In the US, the insured patient is often responsible for part of their healthcare costs. The purpose of this cost sharing is to avoid unnecessary medical treatment, with the idea that if the patient has to pay a portion, they are less likely to seek care unless truly needed, and drive the patient to seek less expensive care. Typically, cost sharing is defined in the form of a deductible, co-payment, co-insurance and/or maximum out-of-pocket amount, and it varies per insurance policy.
For example, let’s say a patient is hospitalised at an out-of-network hospital. The hospital bill is US$100,000, and the insurance only covers $20,000. Without the No Surprises Act, the hospital would bill the patient the remaining portion, in this case $80,000. However, with the new No Surprises Act, let’s assume the patient has a maximum out-of-pocket amount of $10,000 in his/her insurance policy. This $10,000 would now be the maximum amount that the hospital could bill the patient, instead of the full $80,000.
International application of US law
This new law, along with all healthcare laws in the US, is complicated and US-centric. However, just like other US healthcare laws before (such as the Health Insurance Portability and Accountability Act, and Affordable Care Act), it does apply to all US healthcare providers, i.e., physicians and other healthcare providers, hospitals and other emergency care facilities, as well as air ambulance and medical transport services including helicopters and airplanes (excluding ground ambulance), and it applies to all individual and group health plans, including self-insured plans. As such, it applies to international patients and international health plans who pay for healthcare services in the US.
The new legislation also defines new negotiation rules with an arbitration clause, called an Independent Dispute Resolution (IDR) Process. In simple terms, the payer has to send a reasonable ‘good faith’ payment within 30 days from billing. Should the provider not accept that payment, the next 30 days will be allowed for the payer and provider to engage in a normal negotiation process. After this period, either party may initiate an IDR process (additional costs will apply).
It should also be noted that in a scenario where a patient knowingly and voluntarily agrees to services at a non-network provider by signing a consent waiver, the patient can waive the federal protections and thus be balance billed. The legislation identifies a list of providers who may not ask for a consent waiver, such as in urgent cases or for ancillary providers at in-network facilities (e.g., anaesthesiologist or radiologist at a hospital).
How can this be applied to international patients?
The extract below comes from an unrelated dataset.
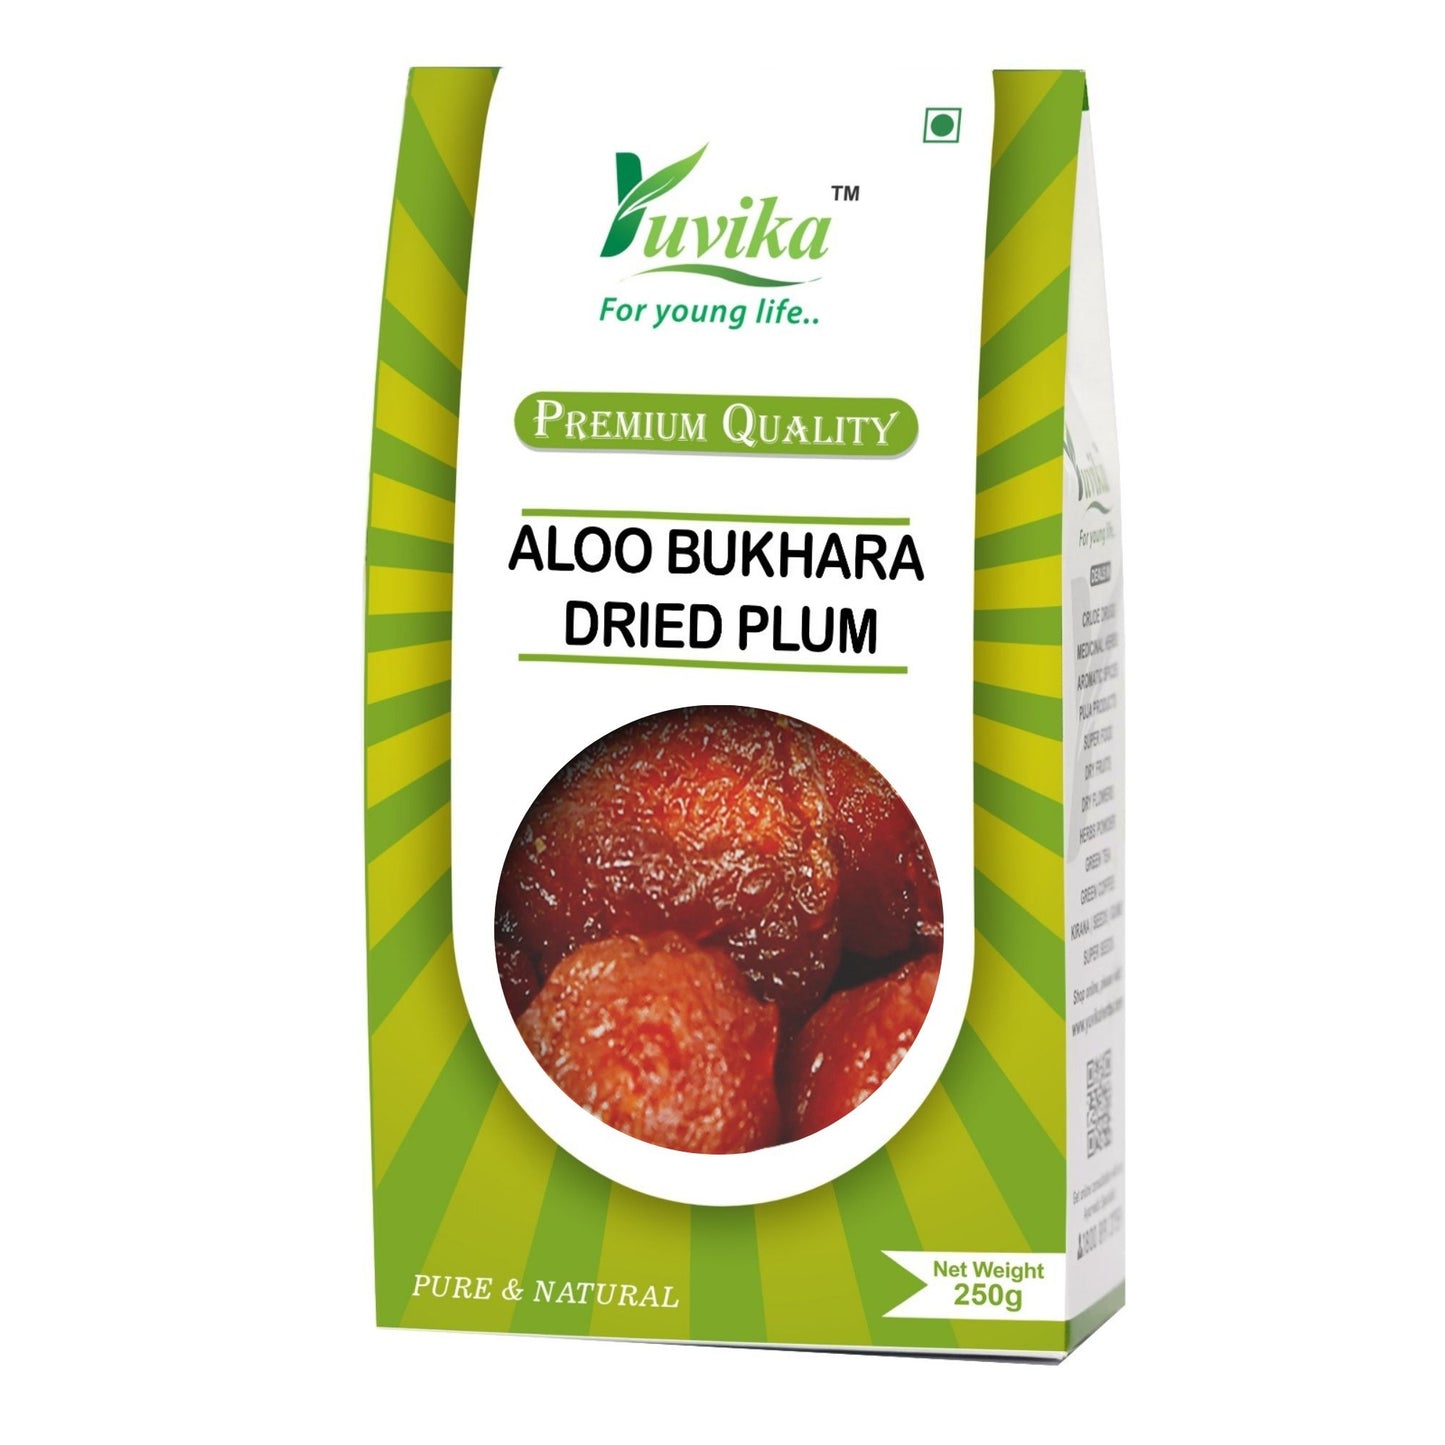 Aloo Bukhara Dry - Subgenus Prunus - Dried Plum (250g)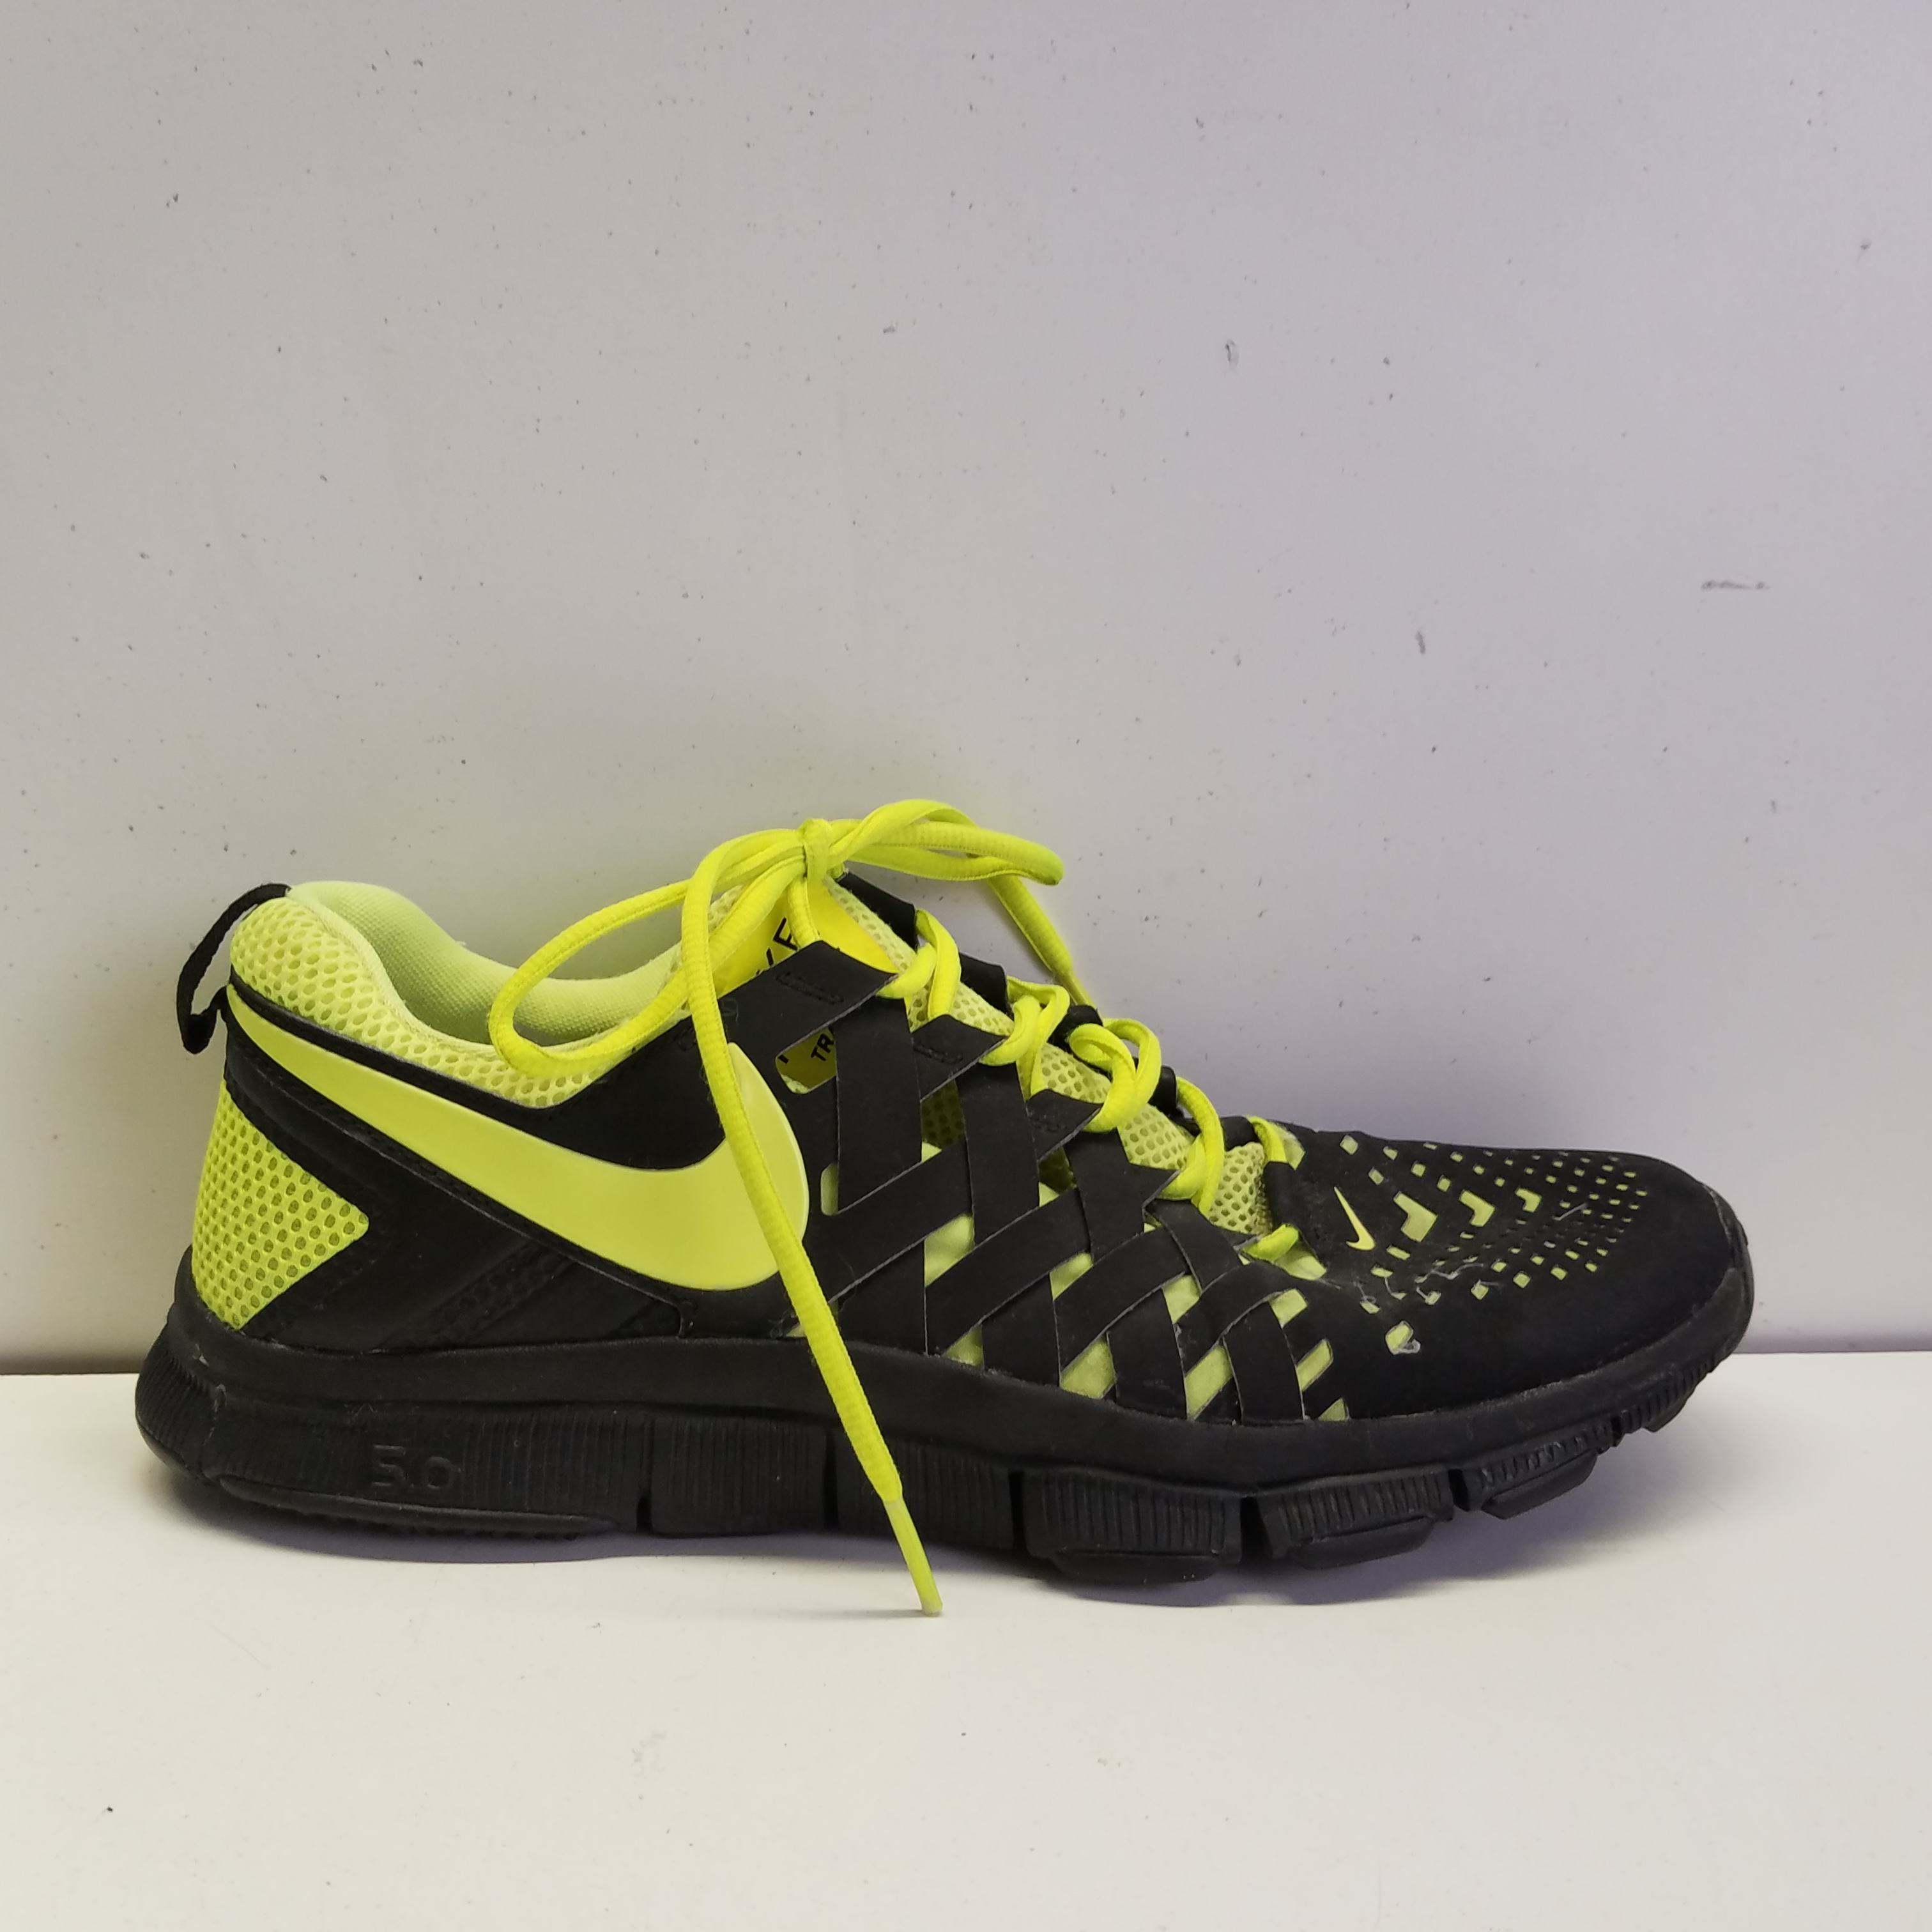 Componist Maak een bed Staat Buy the Nike Free Trainer 5.0 Black Neon Yellow Running Shoes US 10.5 |  GoodwillFinds

Most international health plans do not have ‘US-style’ benefit schedules, such as the maximum out-of-pocket amounts described above. Due to this, it can be difficult to use this law to benefit international payers (another reason for international insurance carriers to design their plans to truly protect them in the US!). In other words, the law allows health plans to pay out-of-network bills at their published in-network rates. It further requires the provider to accept those rates and prohibits the provider from billing the patient the remaining balance, in excess of their deductible/co-pay/co-insurance or cost-share maximums. If the payer does not have in-network versus out-of-network published rates, or patient cost-sharing, then a negotiation argument based on these terms might be more difficult to make.
However, it is my opinion that this law can be another tool in smartly negotiating US healthcare costs. Anybody who has paid US medical bills knows that the biggest problem lies with the non-networked providers. This new law can be used in negotiating those out-of-network bills, including both medical bills and air ambulance bills.
Administrative requirements for health plans
In addition to the negotiation aspect, the law also has several requirements that insurance plans and administrators need to be ready to fulfill, such as new ID card requirements and Advance Explanation of Benefits (AEOB).
Starting in January 2022, or at the plan renewal date, health plans must include new information on the insurance ID cards, including all deductibles and maximum limits on out-of-pocket costs (also when there are none). Furthermore, health plans will be required to process Advance Explanation of Benefits (AEOB) before a healthcare service is delivered. If a healthcare service is scheduled more than 10 days ahead, the AEOB must be produced within three business days of receiving an inquiry. If the healthcare service is scheduled less than 10 days ahead, then an AEOB must be produced within one business day from receiving an inquiry. It must include a good-faith estimate of the insurance payment, patient cost sharing, confirm whether the provider is in-network, and if not, how to find in-network providers. The insurer will also have to offer price comparison information by phone, develop a web price comparison tool and maintain up-to-date provider directories.
For air ambulance providers, the legislation mandates an additional task of submitting two years of cost and claims data to federal officials for publication in a comprehensive report to the public. In addition, the law creates an advisory committee on air ambulance quality and patient safety in the US.
The Congressional Budget Office estimates that the No Surprises Act will reduce US commercial insurance premiums by between 0.5 per cent to one per cent, saving an estimated $17 billion over the next 10 years.